Published online Nov 15, 2014. doi: 10.4291/wjgp.v5.i4.405
Revised: June 17, 2014
Accepted: July 25, 2014
Published online: November 15, 2014
Although gallstone and alcohol use have been considered the most common causes of acute pancreatitis, hundreds of frequently prescribed medications are associated with this disease state. The true incidence is unknown since there are few population based studies available. The knowledge of drug induced acute pancreatitis is limited by the availability and the quality of the evidence as the majority of data is extrapolated from case reports. Establishing a definitive causal relationship between a drug and acute pancreatitis poses a challenge to clinicians. Several causative agent classification systems are often used to identify the suspected agents. They require regular updates since new drug induced acute pancreatitis cases are reported continuously. In addition, infrequently prescribed medications and herbal medications are often omitted. Furthermore, identification of drug induced acute pancreatitis with new medications often requires accumulation of post market case reports. The unrealistic expectation for a comprehensive list of medications and the multifactorial nature of acute pancreatitis call for a different approach. In this article, we review the potential mechanisms of drug induced acute pancreatitis and provide the perspective of deductive reasoning in order to allow clinicians to identify potential drug induced acute pancreatitis with limited data.
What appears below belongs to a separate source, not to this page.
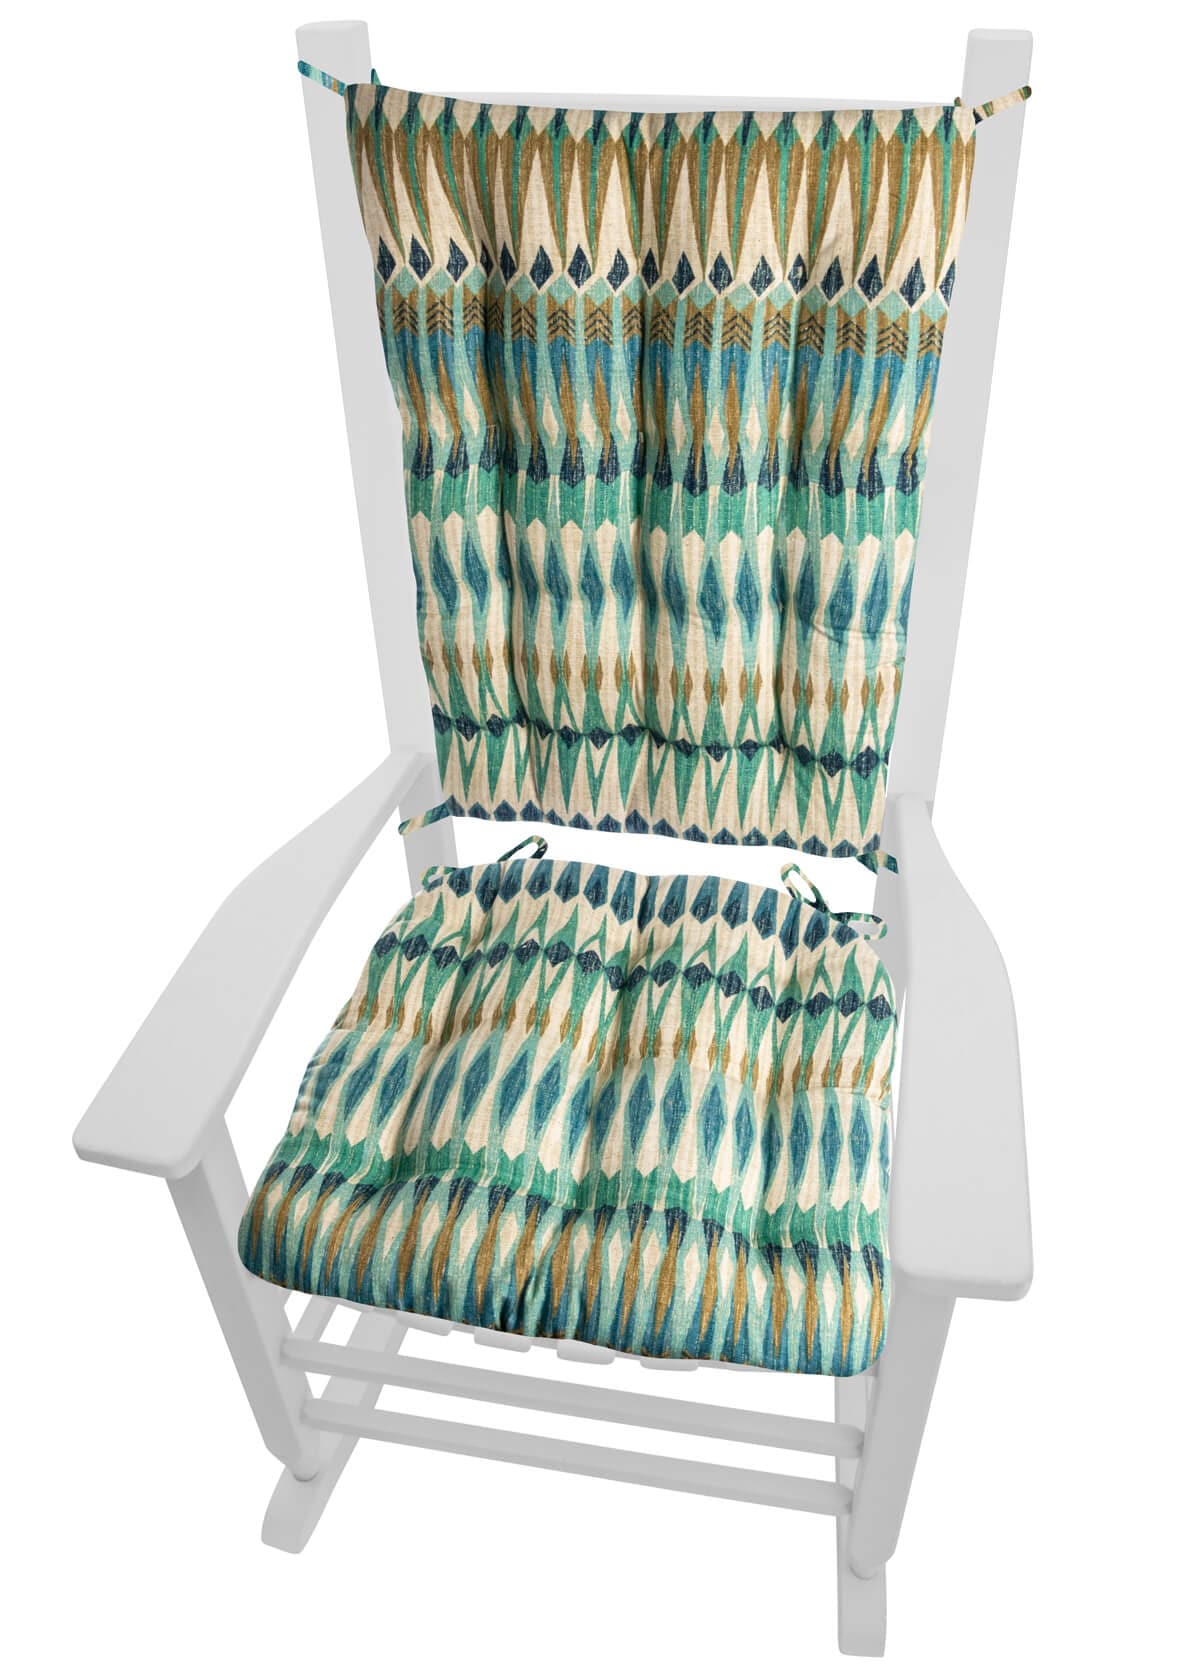 Southwest Arapaho Rocking Chair Cushions - Barnett Home Decor - Aqua, Teal, & Gold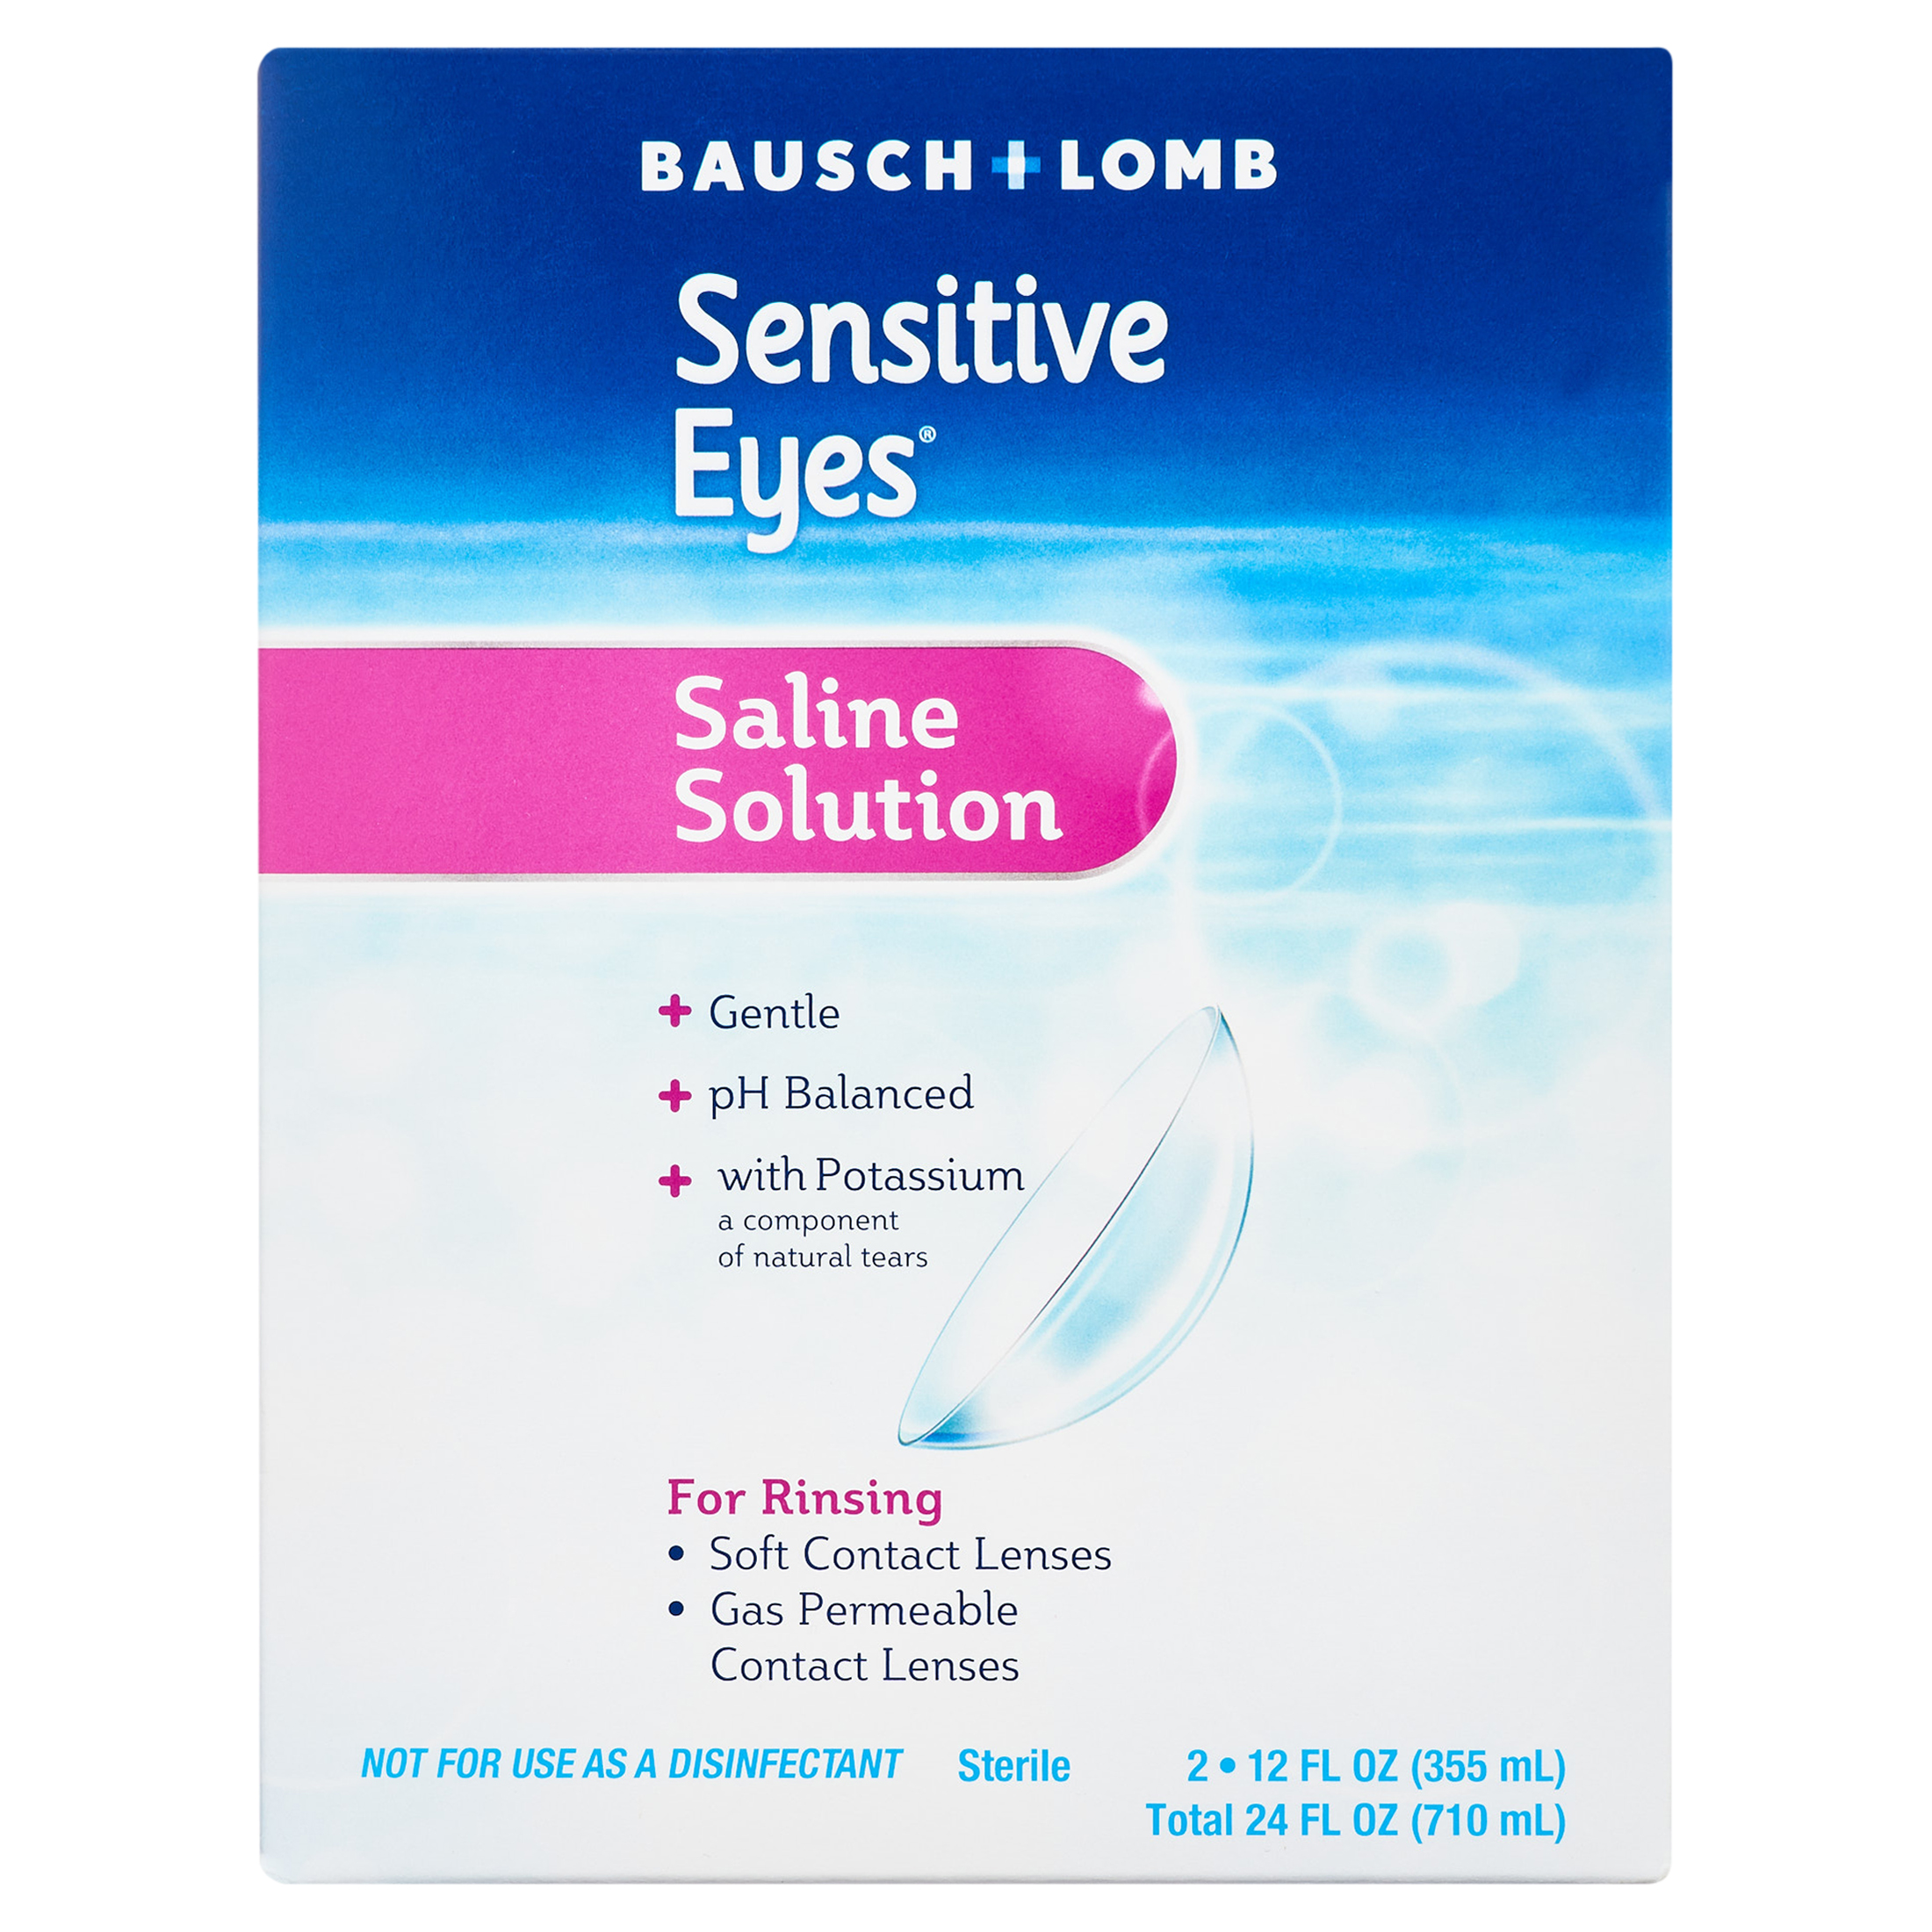 Sensitive Eyes® Plus Saline Solution 2 x 12 fl oz (355 mL) - image 5 of 8

Core tip: The knowledge of drug-induced acute pancreatitis (DIAP) is limited by the availability and the quality of the evidence. Potential publication bias may also impact our knowledge of DIAP. Several causative agent classification systems have been proposed, but they require regular updates. In addition, Infrequent prescribed medications and herbal medications are often omitted from those summarized lists. We review the potential mechanisms of DIAP and provide the perspective of deductive reasoning in order to allow clinicians to identify potential DIAP with limited data.